Reputation: 686
I am trying to parse some XML content, in this case with some products:
<PRODUCTS>
<PRODUCT>
<NAME><![CDATA[Some name]]></NAME>
<CATEGORIES>
<CATEGORY>
<NAME><![CDATA[Category 1]]></NAME>
</CATEGORY>
<CATEGORY>
<NAME><![CDATA[Category 2]]></NAME>
</CATEGORY>
</CATEGORIES>
</PRODUCT>
<PRODUCT>
<NAME><![CDATA[Some other name]]></NAME>
<CATEGORIES>
<CATEGORY>
<NAME><![CDATA[Category 1]]></NAME>
</CATEGORY>
<CATEGORY>
<NAME><![CDATA[Category 2]]></NAME>
</CATEGORY>
</CATEGORIES>
</PRODUCT>
</PRODUCTS>
If I put the above into a doc
variable and call for the NAME
in each product:
doc.css("PRODUCT").each do |product|
puts product.css("NAME").size # => 3
end
I also get the nested NAME
elements of each product.
How do I get only the NAME
that is not nested? I know that product.at_css("NAME")

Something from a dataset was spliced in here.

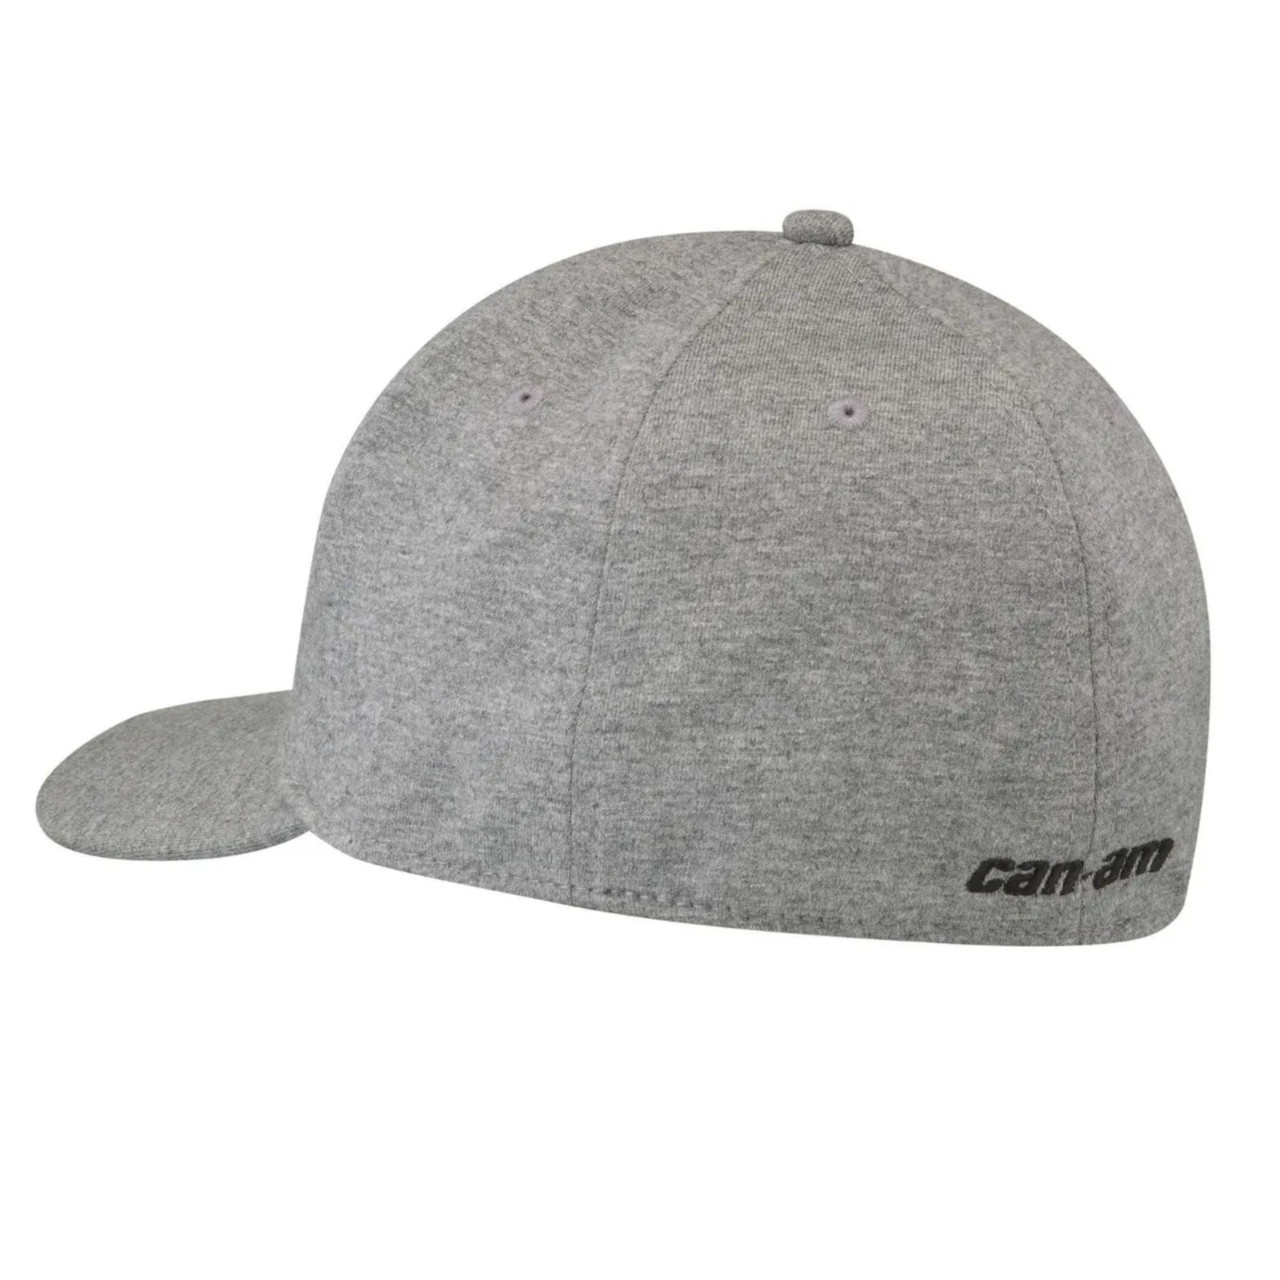 Can-Am New OEM, Unisex S/M Embroidered Branded Flex Fit Cap, 4545337227

returns only the first element, but my question is not how to get the first element, but rather how to get elements that are not nested.
Upvotes: 2
Views: 77
Reputation: 66867
You can use >
to select only NAME
elements that are direct children of PRODUCT
:
doc.css("PRODUCT").each do |product|
puts product.css("> NAME")
end
This will output the following:
<NAME><![CDATA[Some name]]></NAME>
<NAME><![CDATA[Some other name]]></NAME>
Upvotes: 2
Reputation: 1407
Using XPath:
doc.xpath("PRODUCTS/PRODUCT").each do |product|
puts product.xpath("NAME").first
end
.xpath("NAME")
in this case returns only immediate descendants. Same effect can be achieved with css child selector.
doc.css("PRODUCT").each do |product|
puts product.css("> NAME").first
end
Upvotes: 0
Reputation: 111
You can use the following
doc.css("PRODUCT").each do |product|
puts product.css("NAME").first
end
Upvotes: 0